Эвелин не ответила сразу. Ее молчание открыло проницательной женщине, что она вмешалась как нельзя вовремя.
— Ты обещаешь мне, дорогая, что выбросишь все это из головы? — она притянула дочь ближе и поцеловала ее.
И тогда Эвелин медленно произнесла: — У меня не будет друзей, которых ты не одобряешь, но, мама, я не могу быть несправедливой в своих мыслях.
У миссис Мэвик хватило благоразумия не настаивать на продолжении разговора. Она по-прежнему считала Эвелин ребенком. Ее наивность, простота, незнание светских условностей и житейской мудрости, которая для миссис Мэвик была венцом всех знаний, ввели мать в заблуждение относительно ее проницательности и силы характера. В самом деле, миссис Мэвик имела лишь самое смутное представление о том круге мыслей и чувств, в котором девушка привыкла жить, и о воспитании, которое к восемнадцати годам дало ей дисциплину и к тому же большую зрелость суждений. Она будет послушной, но она неспособна на двуличие, и поэтому она так ясно, как только могла, сказала, что, в чем бы ни заключалась проблема, она не будет несправедлива к Филипу.

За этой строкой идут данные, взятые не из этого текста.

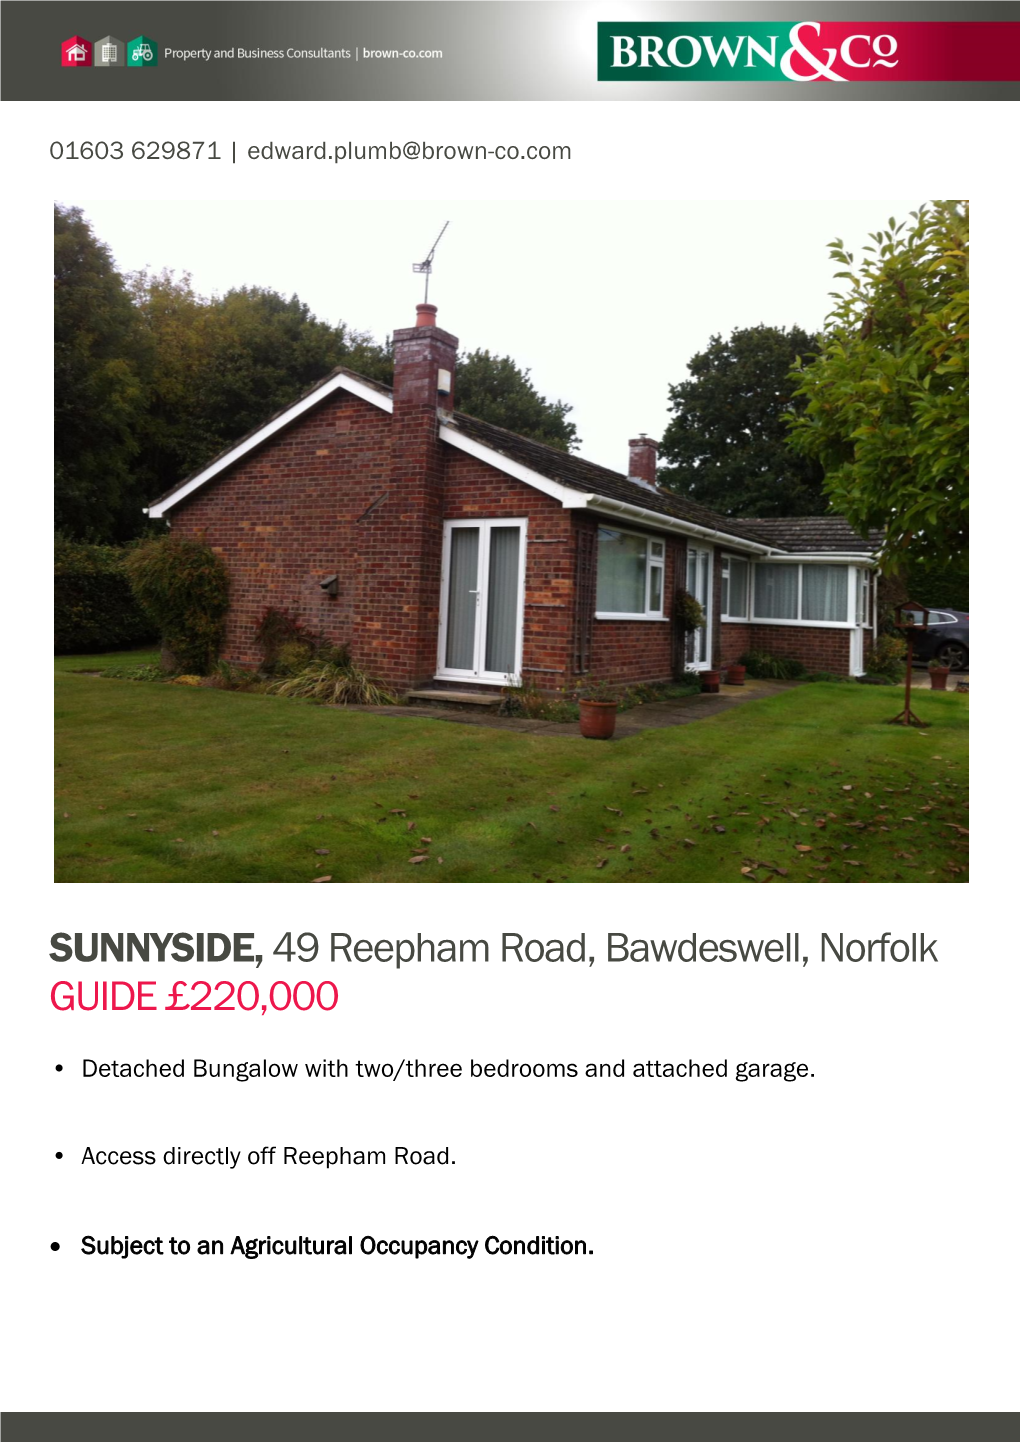 SUNNYSIDE, 49 Reepham Road, Bawdeswell, Norfolk GUIDE £220,000

Разговор с матерью оставил ее в крайне расстроенных чувствах. Это ужасное разочарование, когда девушка начинает подозревать, что ее мать неискренна и что ее жизненные идеалы низменны. Это знание может сосуществовать с глубочайшей привязанностью — более того, в благородном уме — с внутренней нежностью и почти божественной жалостью. Сколько раз мы видели дочь, преданную легкомысленной, приземленной, неискренней матери, защищающую ее и демонстрирующую осуждающему миру величайшую любовь и доверие!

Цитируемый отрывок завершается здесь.